Procedure using programmed matching:
We numerically integrate the wave function starting at both boundaries.  For both integrations we pick E = Umin + ∆E, i.e. we pick E just slightly larger than Umin.  To determine whether the energy is an eigenvalue, we compare the results of our integrations at a matching point xm in the classically allowed region.  We first re-normalize the wave functions ψ1 and ψ2 obtained from our two integrations such that ψ1m = ψ2m.  We then check if the derivatives of the two functions are equal at xm, i.e. if dψ1(x)/dx - dψ2(x)/dx = 0.
We use dψ2 = ψ2m - ψ2m-1,  dψ1 = ψ1m - ψ1m-1.
We already have made ψ2m = ψ1m.  We therefore only have to check if ψ2m-1= ψ1m-1. We define
f = [ψ2m-1- ψ1m-1]/ψmax.
If f ≠ 0 within a chosen limit of tolerance, then we repeat our integrations after incrementing E by ∆E.
If f ≠ 0 for two successive iterations, but f has changed sign, then the eigenvalue has been overshot.  We decrease the magnitude and change the sign of ∆E and start decrementing E.  We repeat until f = 0 within the chosen limit of tolerance.

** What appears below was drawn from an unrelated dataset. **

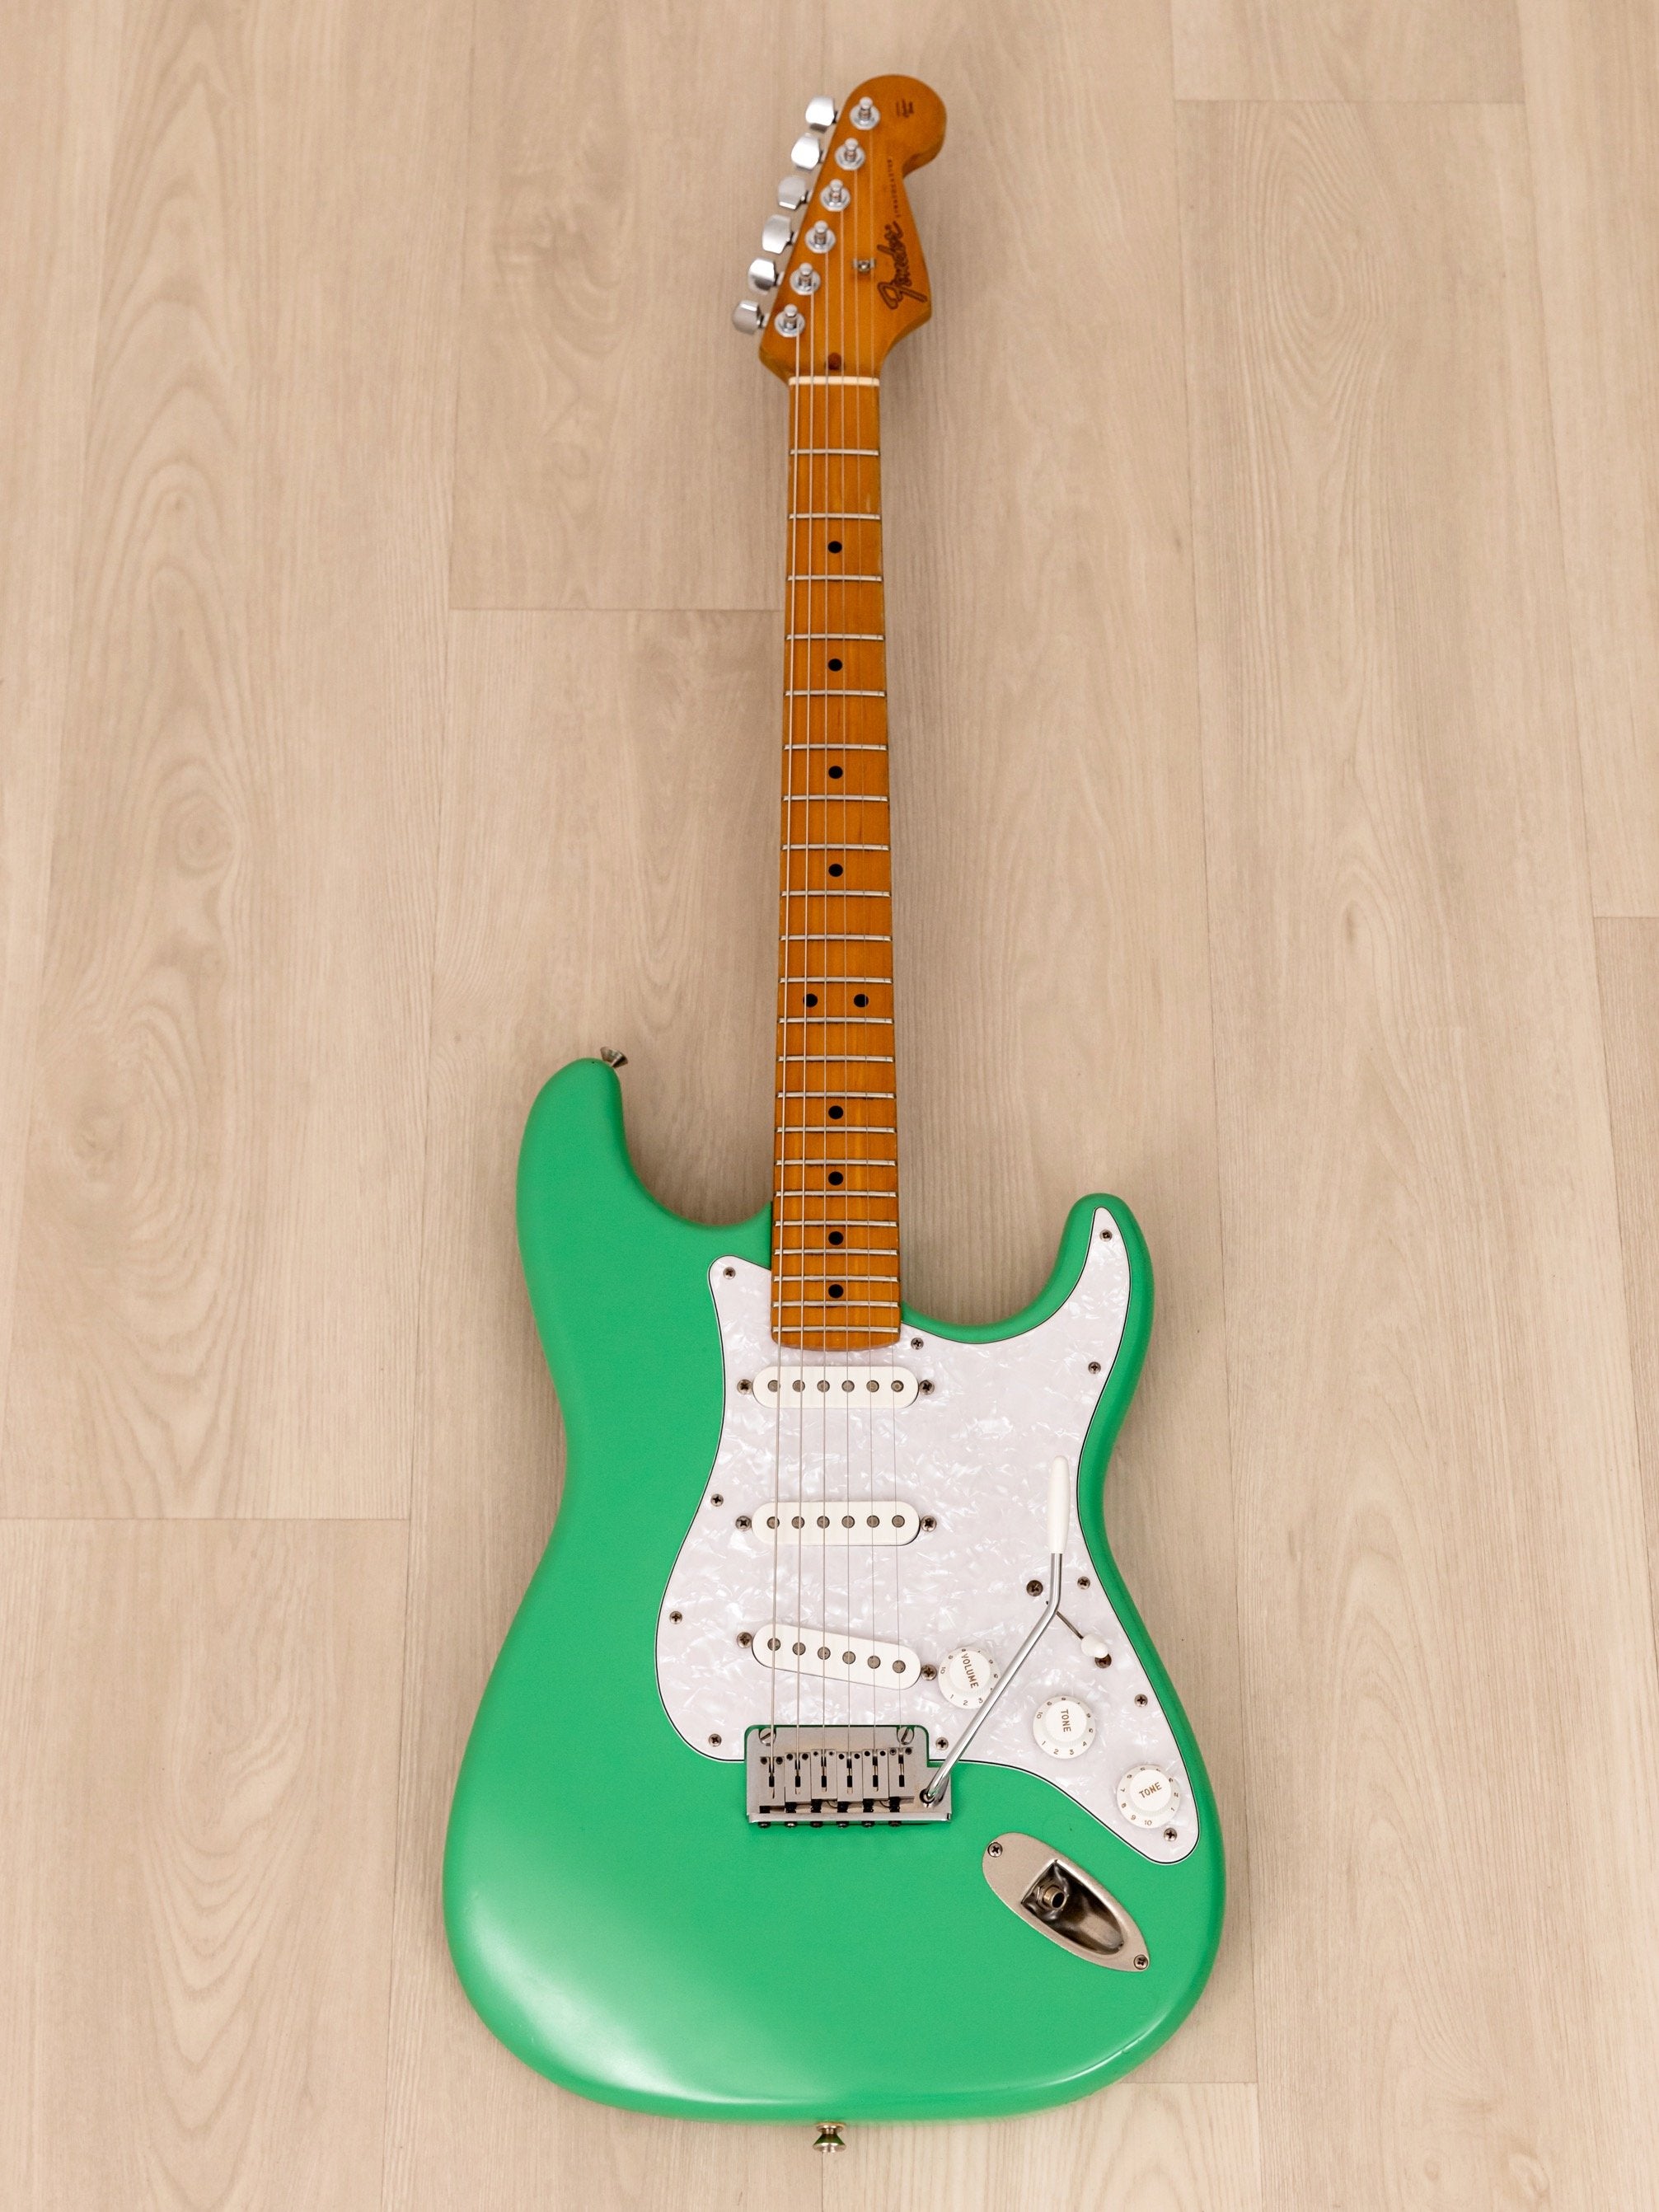 1989 Fender Japan Stratocaster ST650SPL w/ American Standard Tonewoods & Hardware, Seafoam Green, MIJ Fujigen

How do we adjust ∆E to find the value of E for which f = 0?
Pick the initial energy E1.  Integrate and find f(E1).  If f(E1) ≠ 0 within a chosen limit, pick some initial ∆E to calculate E2 = E1 +  ∆E.  Integrate and find f(E2).  If f(E2) ≠ 0 within a chosen limit what value  ∆E should pick to find E3?  Hoe do you find the root of f(E)?

If f(Ei) ≠ 0 within a chosen limit, expand f(E) about Ei.
Then set f(Ei + ∆E) = f(Ei) + df/dE|Ei∆E = 0, where  ∆E = Ei+1 - Ei.
Ei+1 is the next better value for the root of f(E).
Ei+1 =  Ei - f(Ei)/(df/dE|Ei).
df/dE|Ei ≈ (f(Ei) - f(Ei-1))/(Ei - Ei-1).
Therefore
∆E = Ei+1 -  Ei = -f(Ei)(Ei - Ei-1)/(f(Ei) - f(Ei-1)).

The MATLAB function numerov.m implements programmed matching.